A total of 15 SSR markers (Table 2) were used to characterize 21 cultivars tall fescue, of which primer LMgSSR02-01C is genic-SSR markers from annual ryegrass [17], the remaining 14 were EST-SSR markers from tall fescue [15]. Each 15 μL amplification reaction consisted of 3.0 μL of template DNA (10 ng/μL), 0.6 μL primer (5 pM), 0.3 μL of Taq polymerase (2.5 U/μL), 3 μL of sterile distilled water and 7.5 μL of 2× Taq PCR Master Mix (Tiangen Biotech, Beijing, China).

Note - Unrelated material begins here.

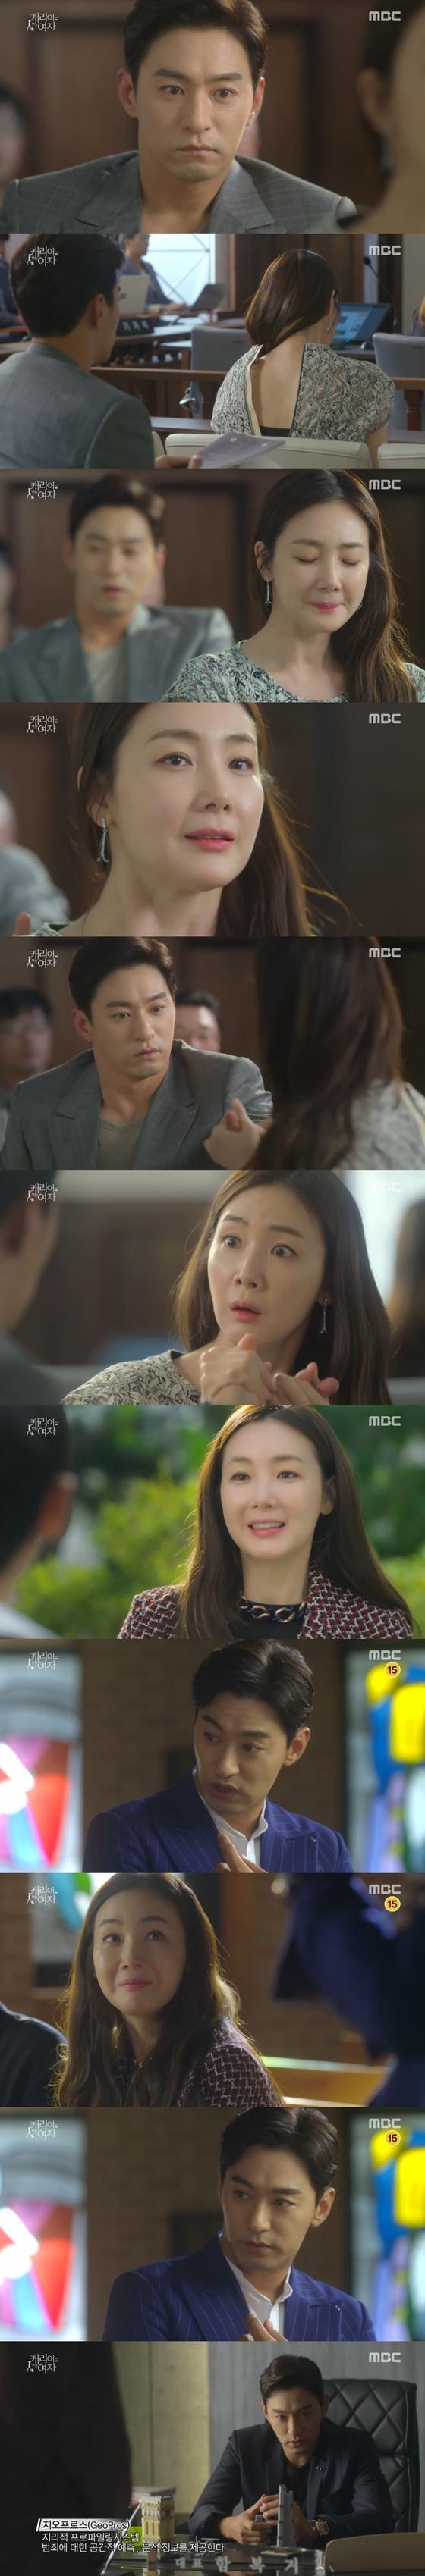 '캐리어' 최지우X주진모, 묵은지 케미 입증한 60분
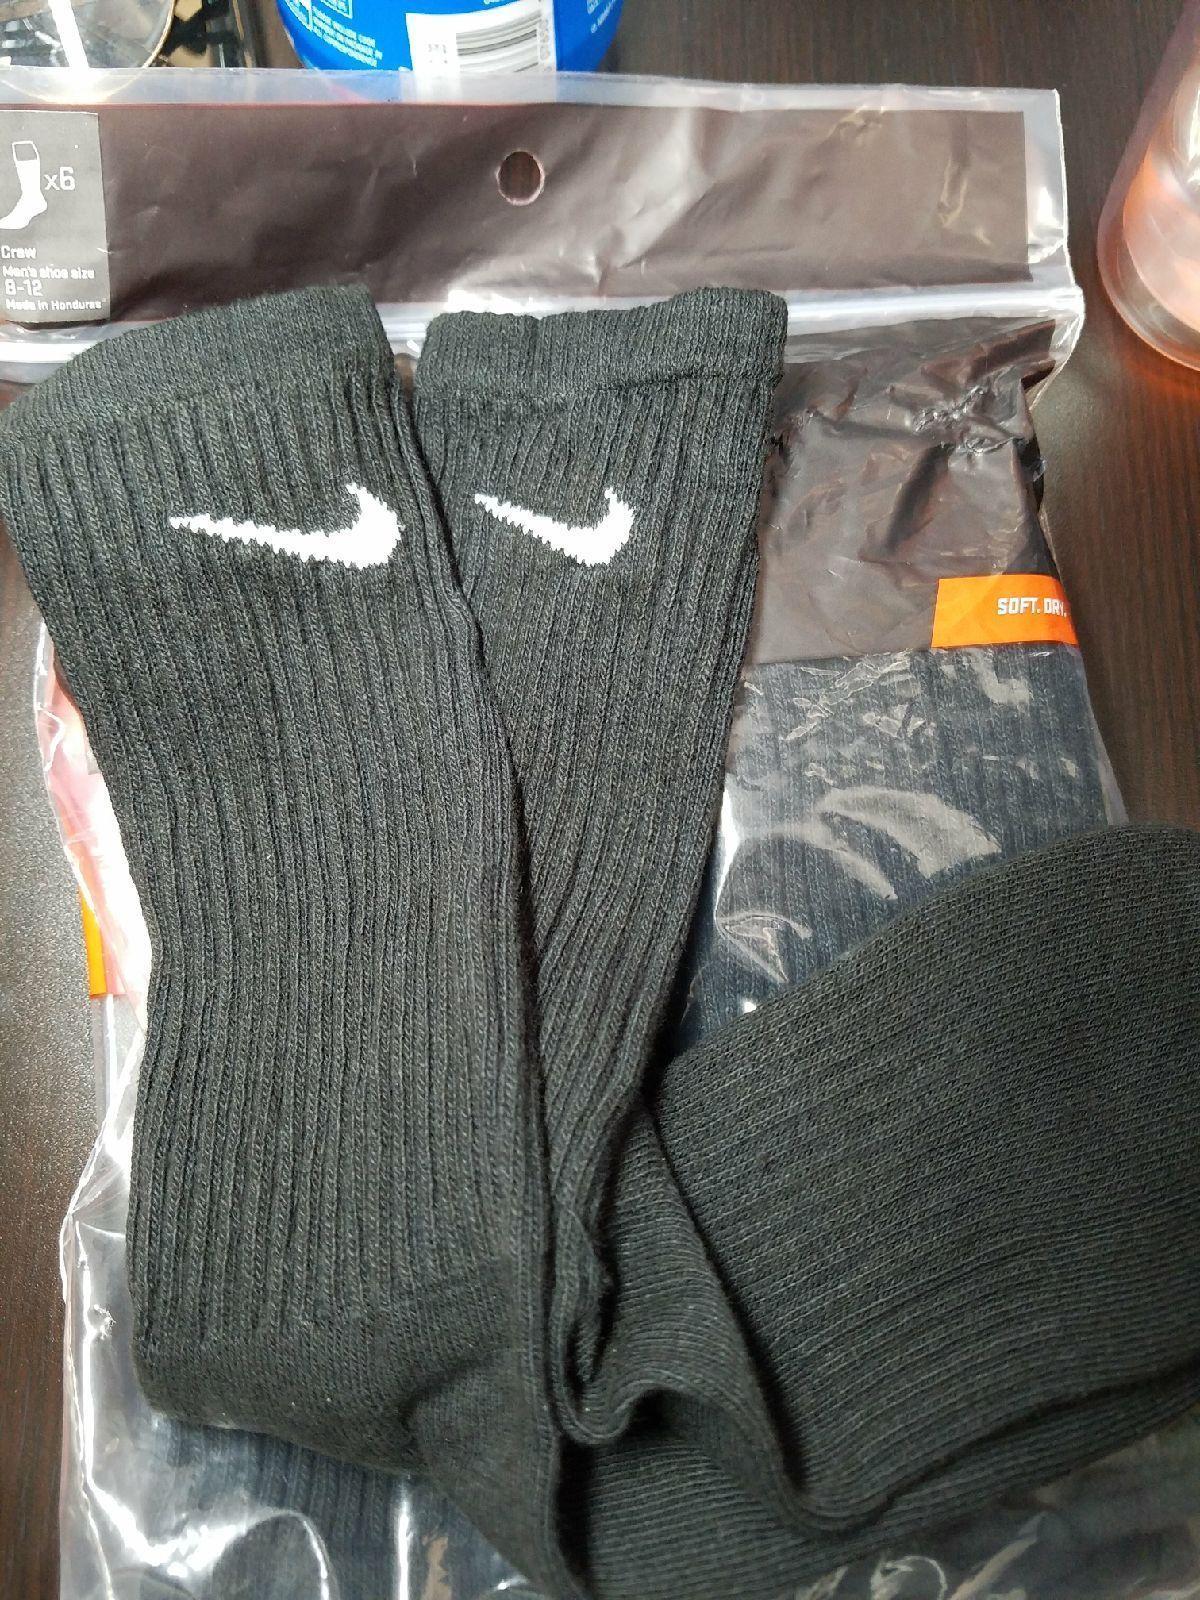 4 PAIRS of Men's Nike Crew Socks

Touchdown PCR amplification was carried out under the following conditions: 5 min at 95 °C; 16 cycles of 95 °C for 50 s, 68 °C with 0.5 °C decrease per cycle for 50 s until the annealing temperature reached 60 °C, and 72 °C for 1 min; 19 cycles of 95 °C for 50 s, 60 °C for 50 s, 72 °C for 1 min; followed by a final extension at 72 °C for 10 min, and in the end 4 °C as a holding temperature. The PCR amplification products were electrophoresed in 8 % non-denaturing polyacrylamide gel at 150 V for 30 min, followed by 2 h at 350 V. Then the gels were visualized by silver staining f and photographed by a gel scanner.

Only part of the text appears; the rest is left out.